[[ GIVEN MATERIAL, beginning ]]

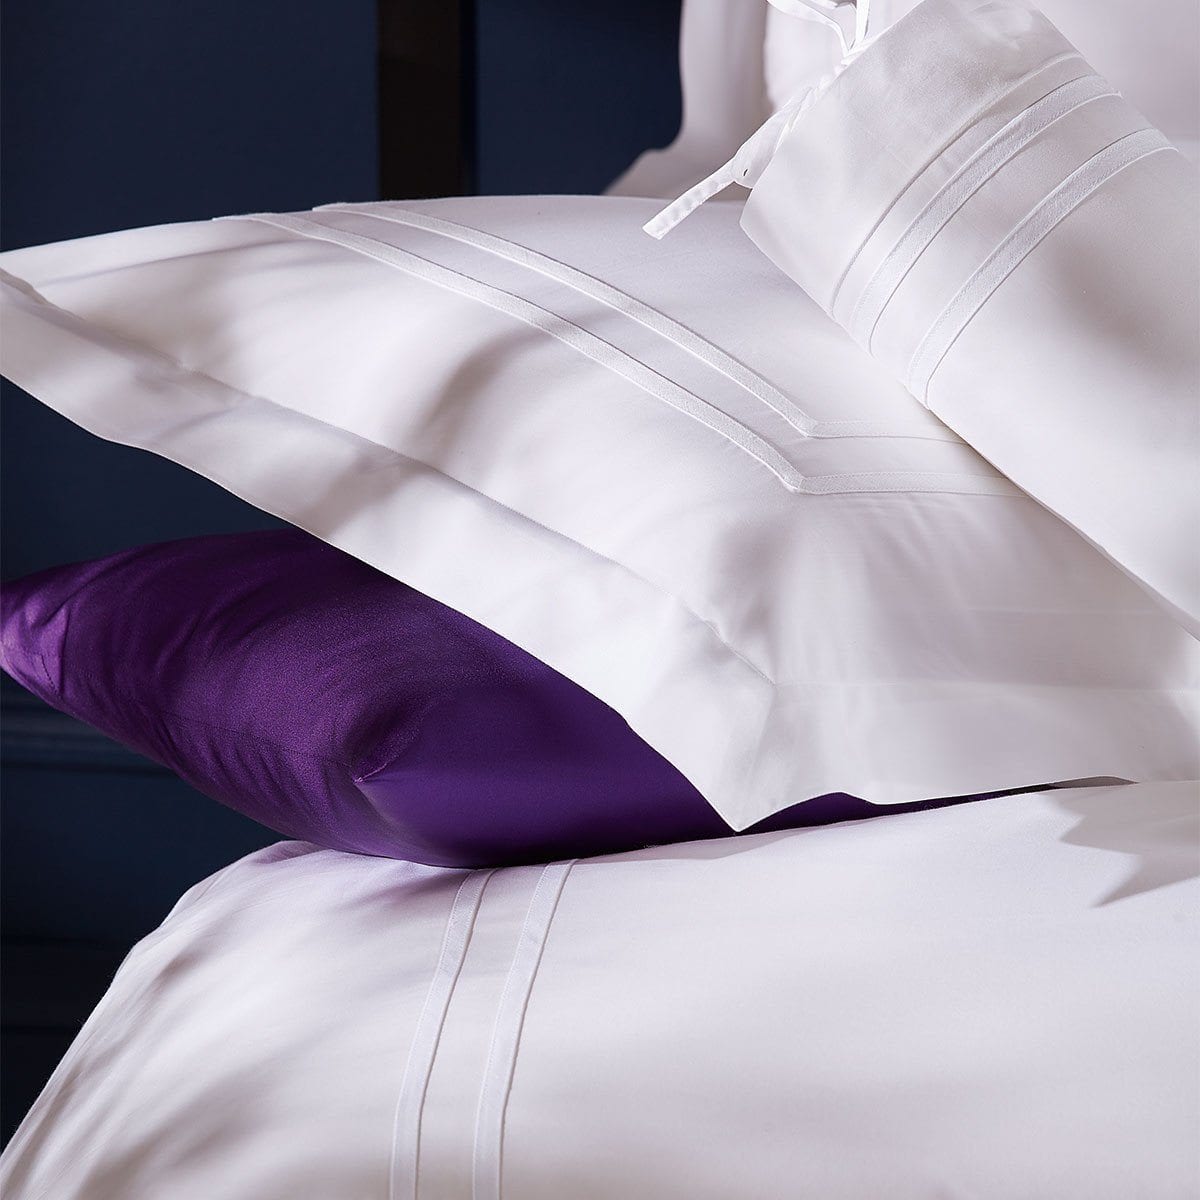 Fig Linens - Harmonie White Percale Bedding by Yves Delorme
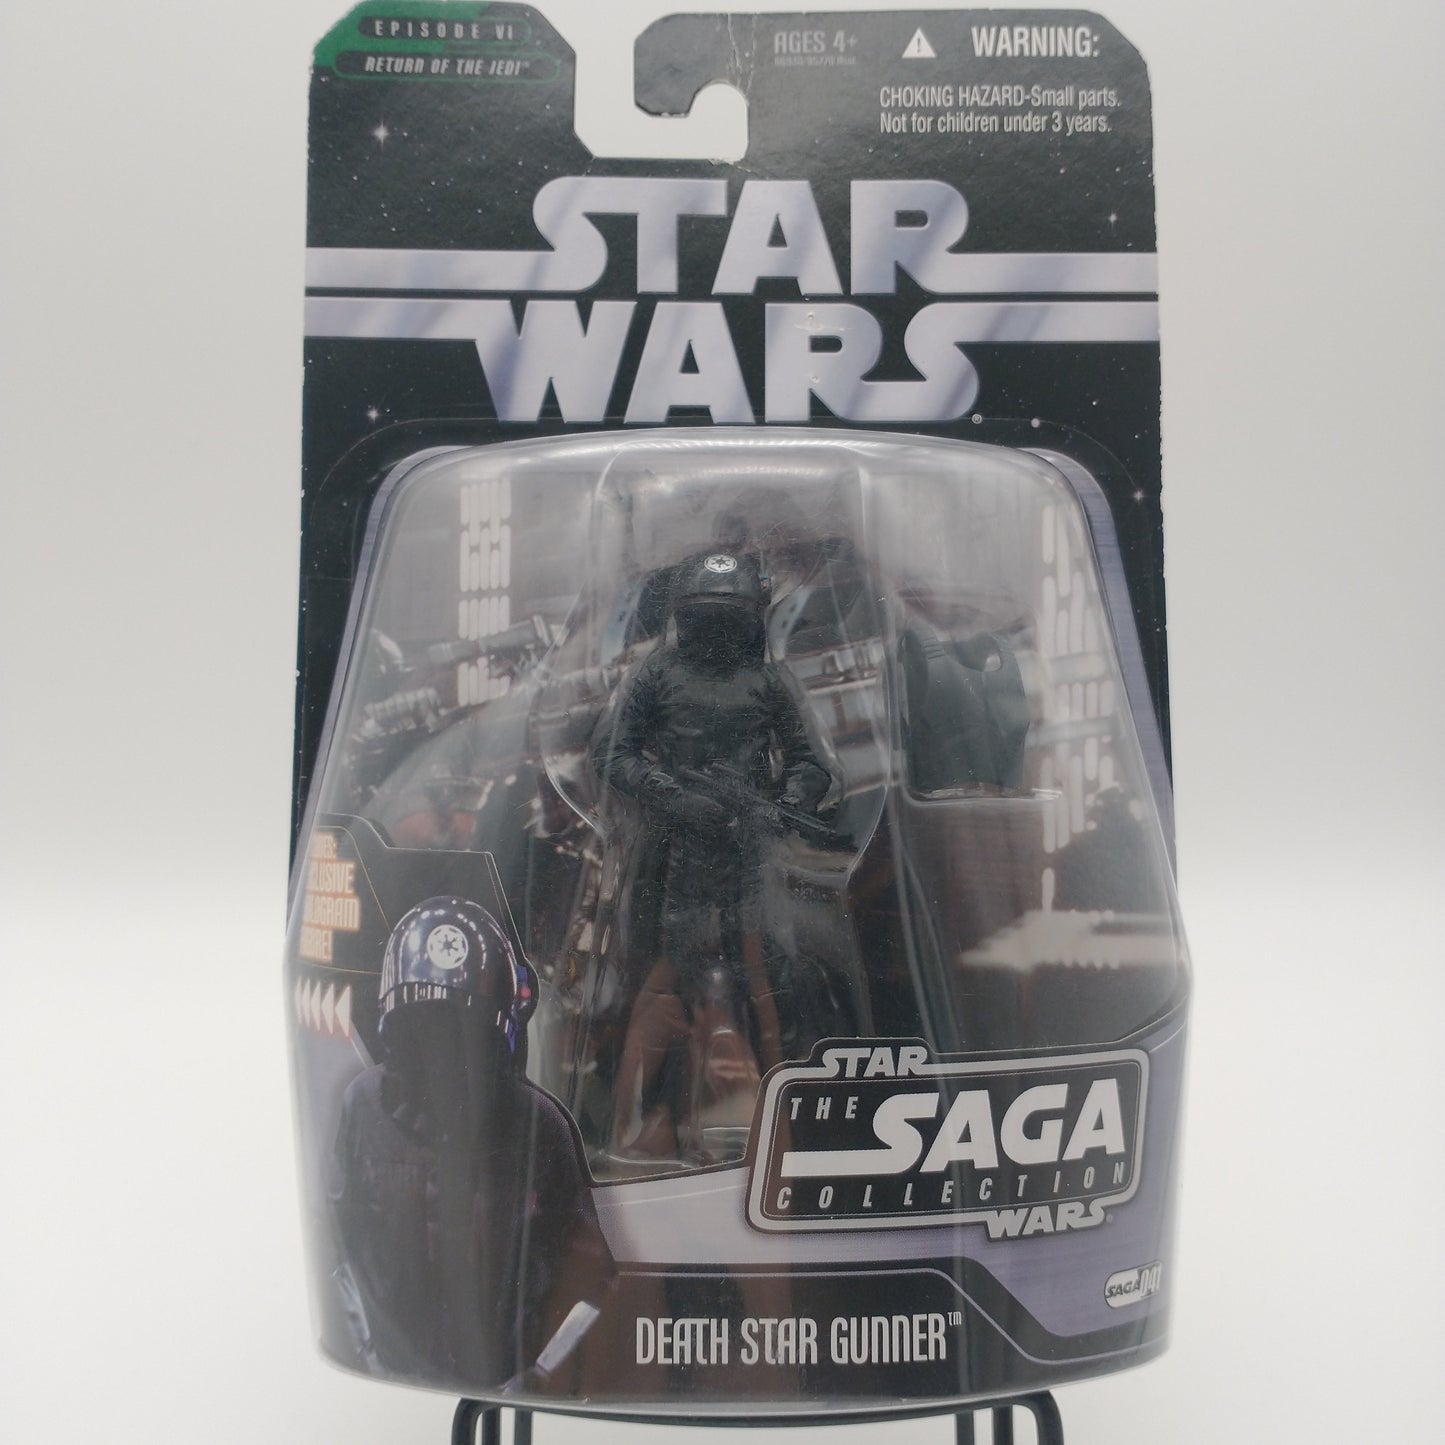 The front ofhte card and bubble. The action figure inside is wearing a black helmet and a black uniform
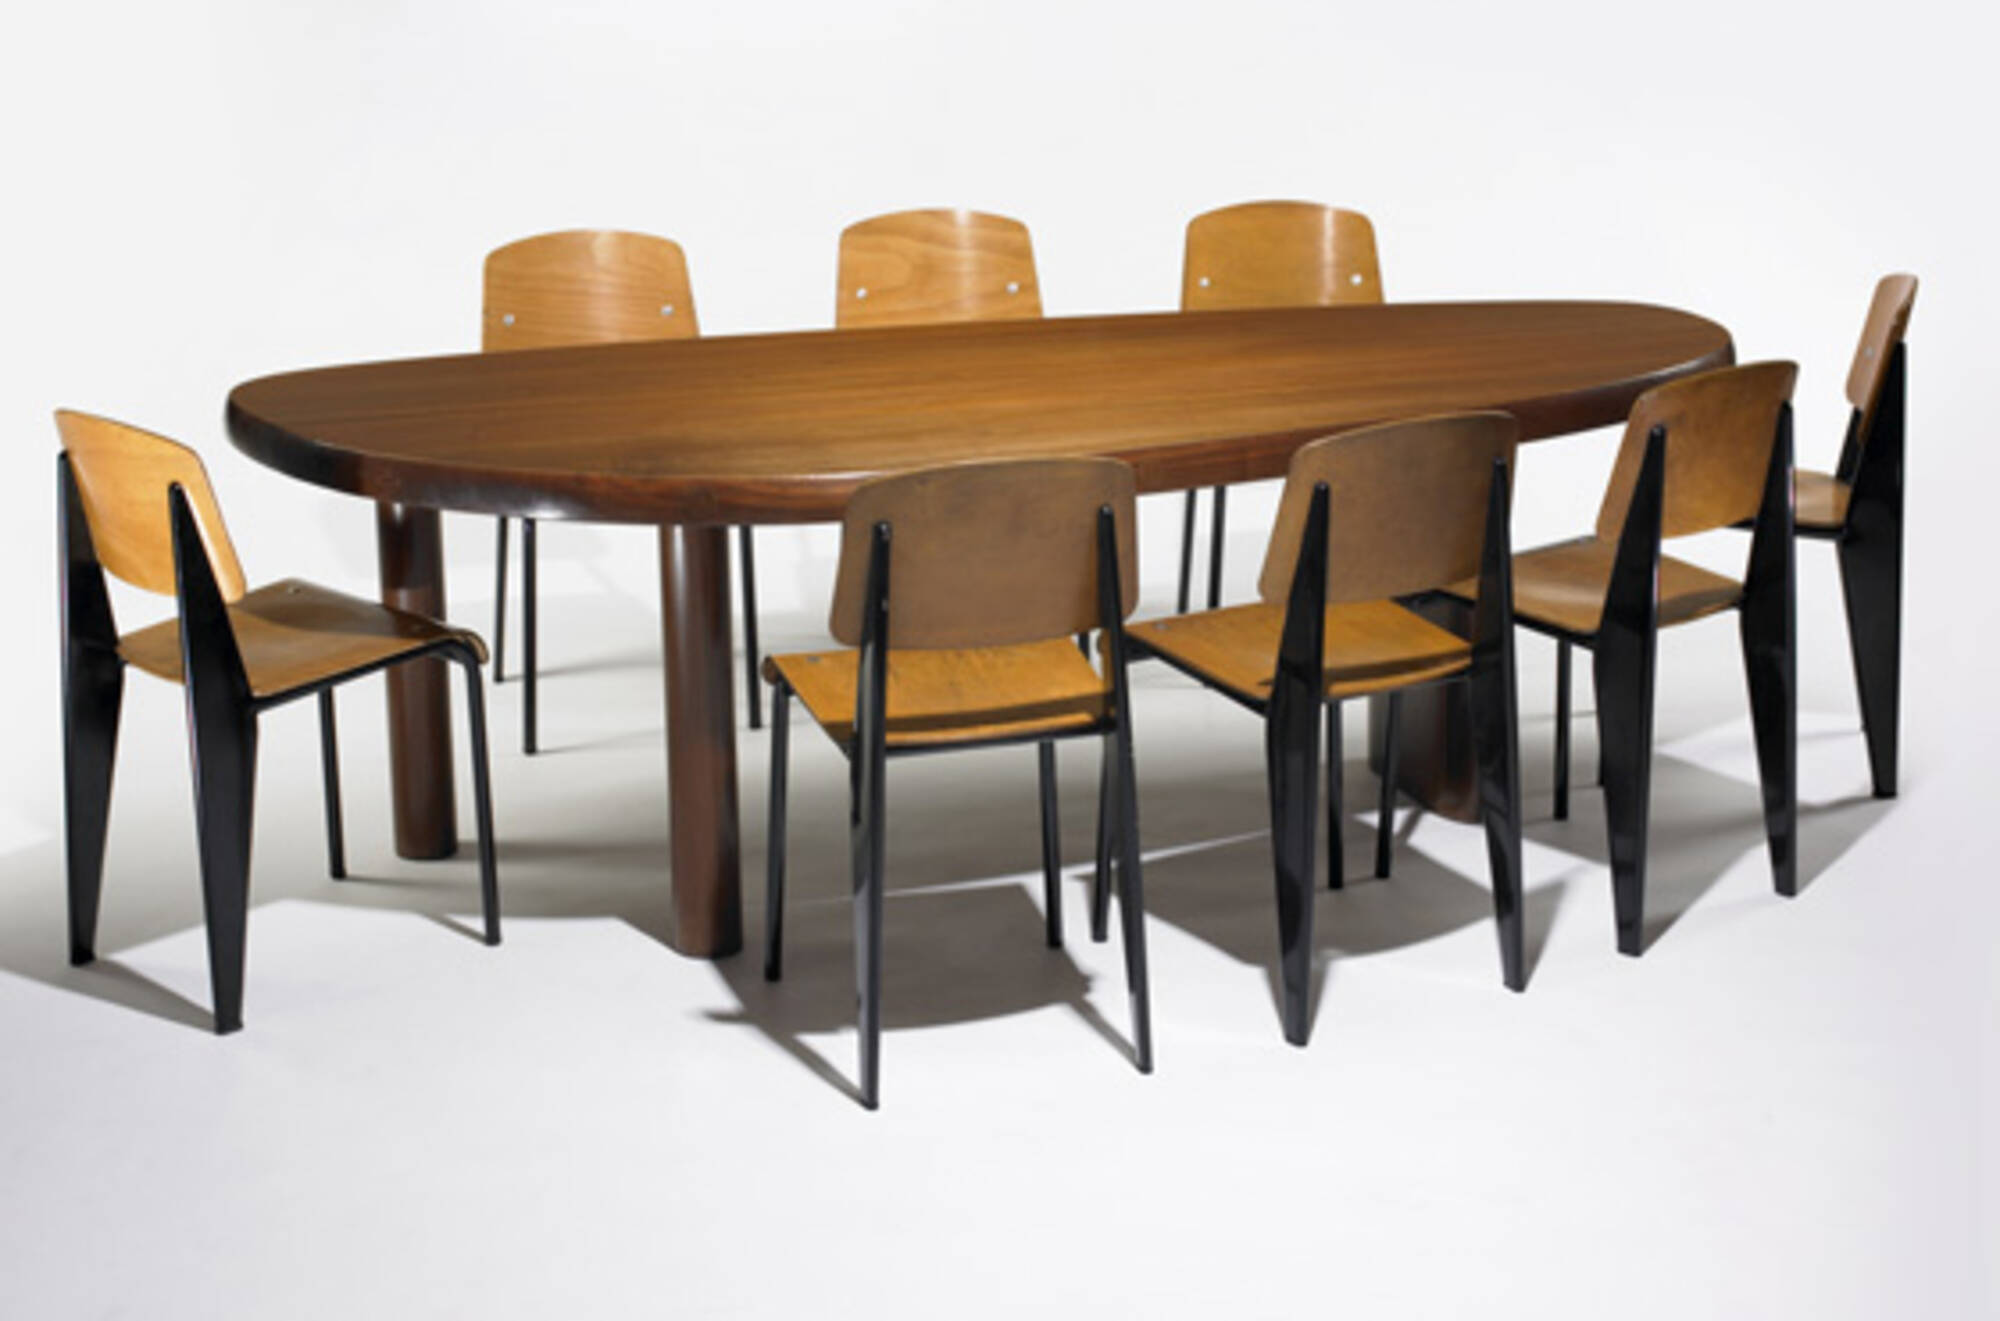 https://www.wright20.com/items/index/2000/248_1_important_design_day_1_may_2008_charlotte_perriand_forme_libre_dining_table__wright_auction.jpg?t=1687209453

[[ GIVEN MATERIAL, end ]]

REQUIREMENT = Repeat the material verbatim but without any of its pictures.

THE COMPLETED TASK =
 Fig Linens - Harmonie White Percale Bedding by Yves Delorme
 The front ofhte card and bubble. The action figure inside is wearing a black helmet and a black uniform
 https://www.wright20.com/items/index/2000/248_1_important_design_day_1_may_2008_charlotte_perriand_forme_libre_dining_table__wright_auction.jpg?t=1687209453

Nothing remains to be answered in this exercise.